The Saddle Road is toast.
A photo from earlier in the eruption, from an overflight the morning of November 30, 2022. USGS image by K. Mulliken.
I don’t hear a lot of folks talking about it, but the way
the Mauna Loa eruption is going, the cross-island Daniel K. Inouye Highway within
days will be impassable going east and west.
That has huge implications for passenger and supply
transport between the Hilo side of Hawai’i Island to the east, and the Waimea
and Kona side to the west. But it also has import for high-elevation science.
The main lava flow has already cut off access to the critical scientific center, Mauna Loa Observatory, and on its current course, it also has the potential to shut down access to the massive astronomy facilities at Mauna Kea.
Judging from the topography, the east-west access will be gone
before Mauna Kea access is threatened.
Mauna Loa may do what the Mauna Kea protests could not.
Mauna Loa’s eruption is currently focused on the northeast
flank. A feature called Fissure 3 is feeding a long lava flow headed northward into
the saddle between Mauna Kea and Mauna Loa.
It is in familiar territory for Madame Pele, with a 1935
flow on its right flank and an 1843 flow on its left. Both of those flows
crossed the current route of the Daniel K. Inouye Highway.
The 1935 flow pooled in the saddle for a few days, then
turned east and headed downslope for Hilo.
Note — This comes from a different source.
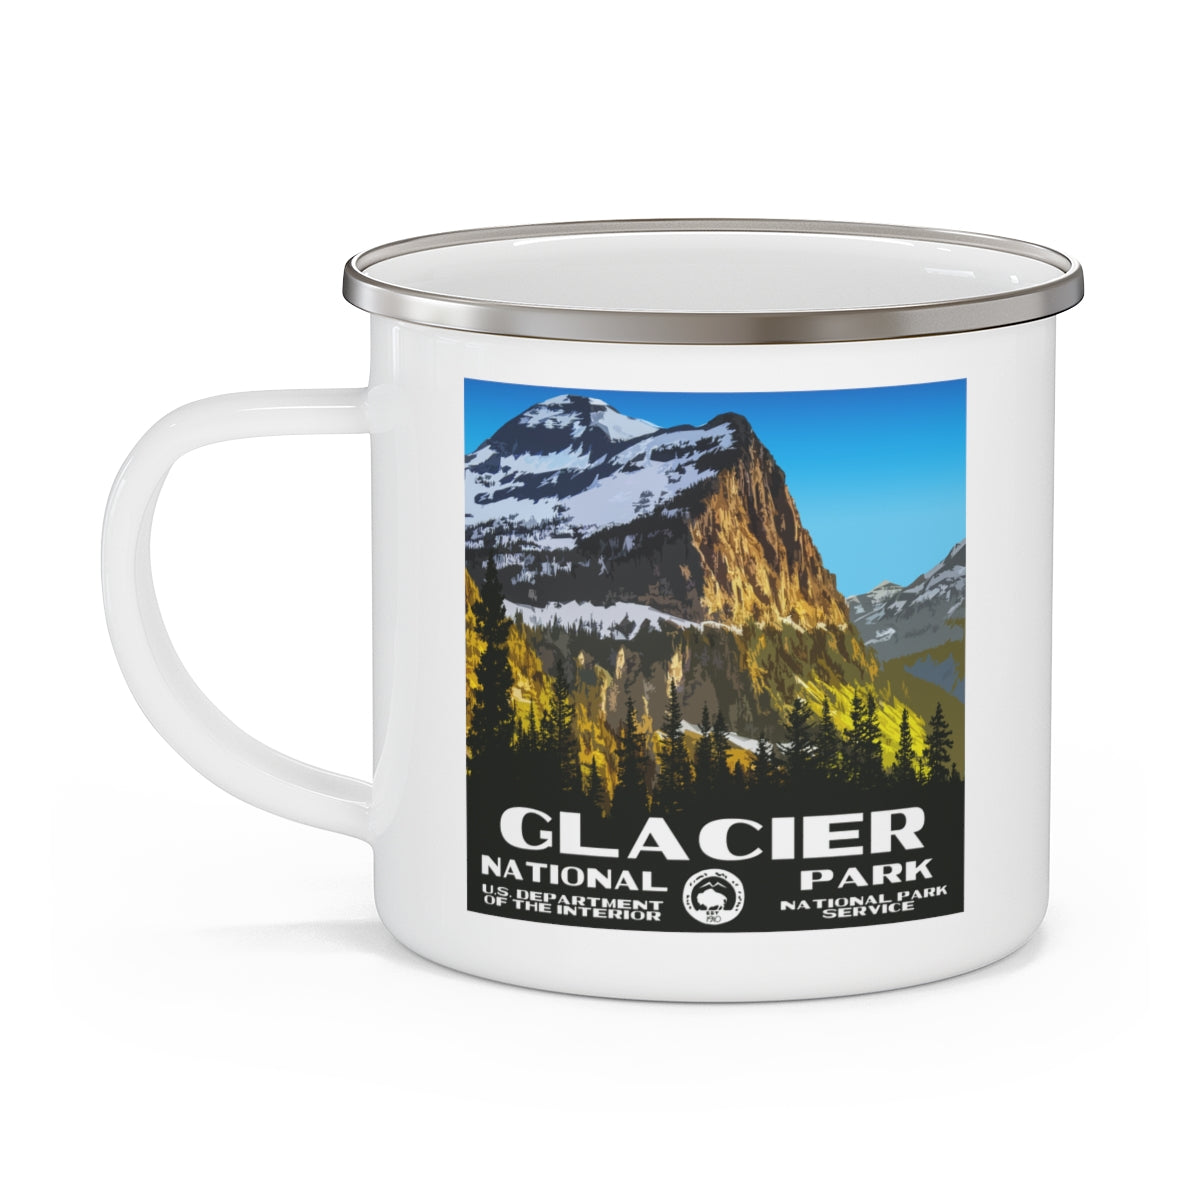 Glacier National Park Enamel Camping Mug

The Air Force in late December 1935
bombed that flow to try to protect Hilo. Ultimately, that eruption stopped
before Hilo could be impacted. Here is a National Park Service story on that.
It lasted from November 21, 1935 to January 2, 1936. Eight weeks.
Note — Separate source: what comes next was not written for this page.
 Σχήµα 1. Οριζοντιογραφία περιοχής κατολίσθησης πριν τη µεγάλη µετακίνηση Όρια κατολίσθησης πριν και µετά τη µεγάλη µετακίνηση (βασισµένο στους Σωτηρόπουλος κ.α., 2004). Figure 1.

The 1843 flow lasted three months.
This eruption started November 27, 2022, and shows no signs
of stopping. The lava is now on pretty flat ground, less than two miles from
the highway, and creeping forward at give-or-take 1,000 feet per day. But that
could change.
The Hawaiian Volcano Observatory reports: “Lava flow advance
rates may be highly variable over the coming days and week. Lava flows advance
more slowly, spread out, and inflate on the flat ground between Mauna Loa and
Mauna Kea. Individual lobes may advance quickly, and then stall. Additional
breakouts may occur if lava channels get blocked upslope. There are many
variables at play, and the direction and timing of flow advances are expected
to change over hours to days, making it difficult to estimate when or if the
flow will impact Daniel K. Inouye Highway.”
Realistically, things that can save the highway from
being overflowed are an early stop of the eruption, or the activation of an
entirely new fissure that allows the current flow to cool and harden in place.